▶ [What is needed]:
Please copy out the full listing that follows exactly; no picture belongs in the copy.

▶ [Exercise data]:
--- START ---

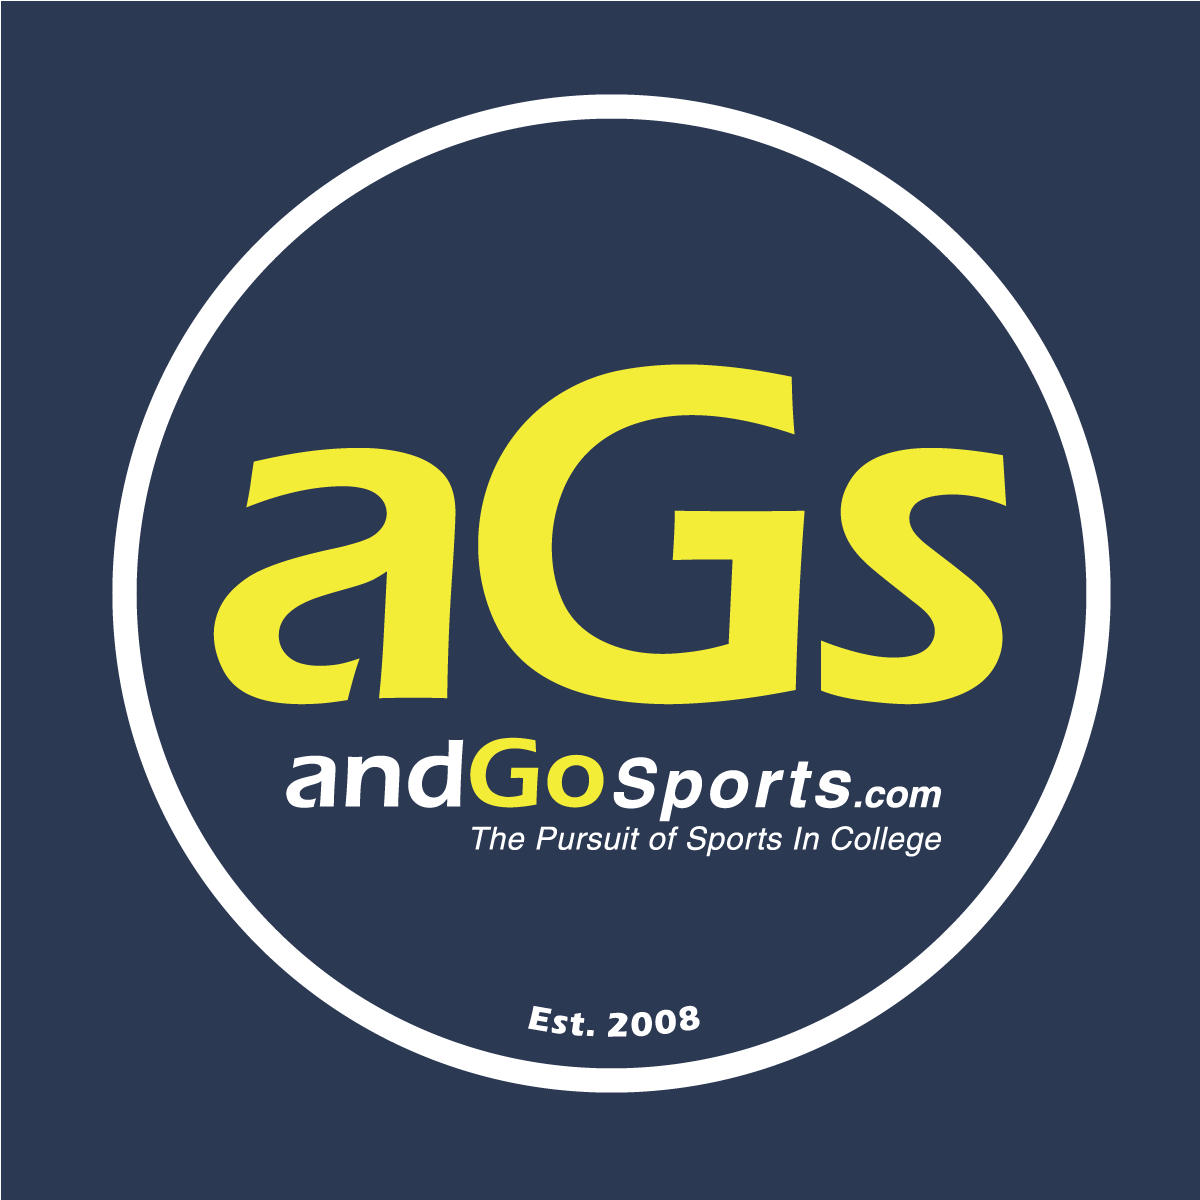 andGoSports
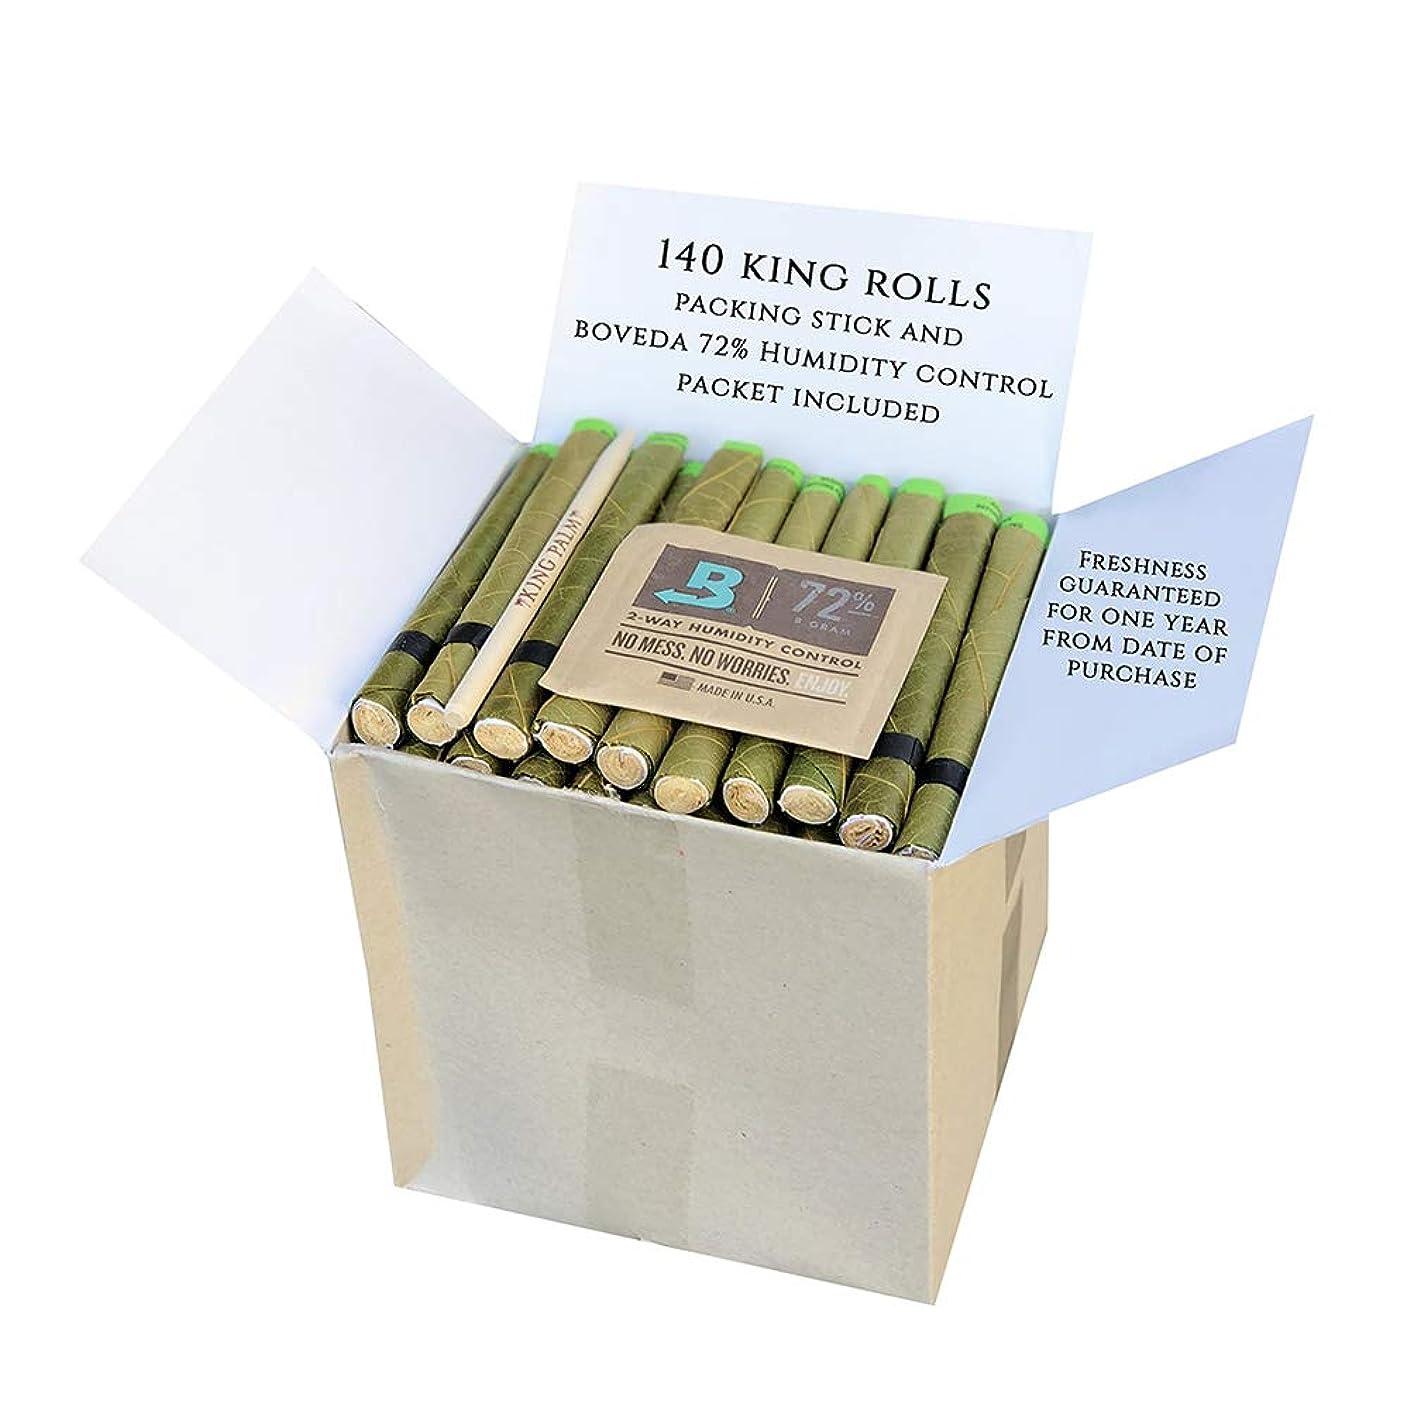 King Palm Hand Rolled Leaf Wrap Rolls + Boveda - King Size - 140 Count Bulk Pack
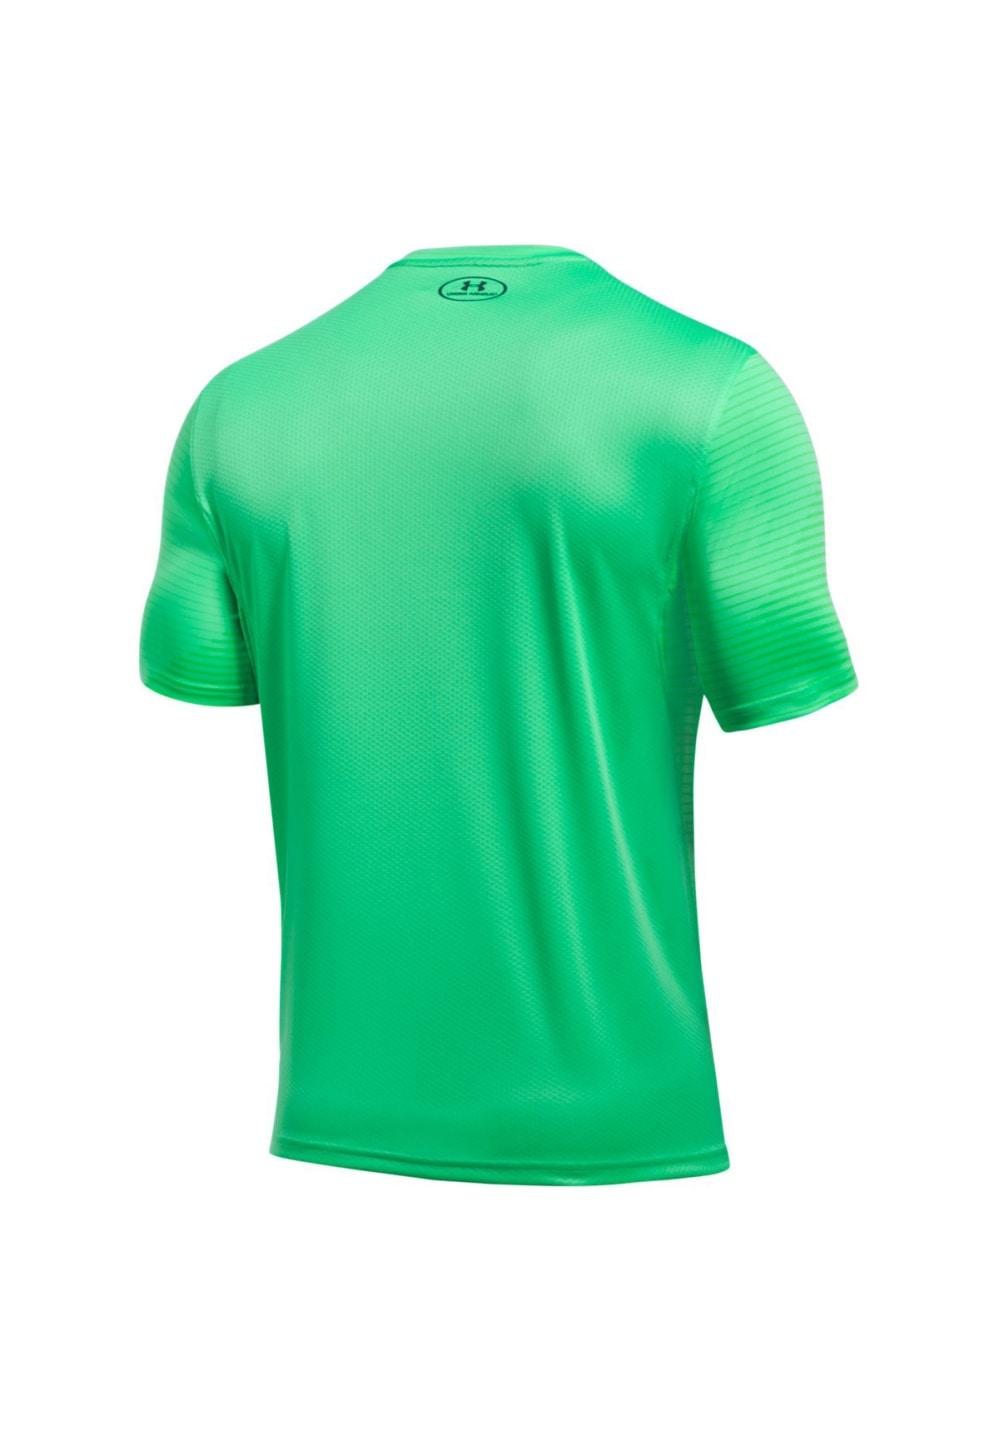 845899da85 Under Armour Challenger II Printed Train Tee - Running tops for Men - Green

--- END ---

▶ [Response to the exercise]:
 andGoSports
 King Palm Hand Rolled Leaf Wrap Rolls + Boveda - King Size - 140 Count Bulk Pack
 845899da85 Under Armour Challenger II Printed Train Tee - Running tops for Men - Green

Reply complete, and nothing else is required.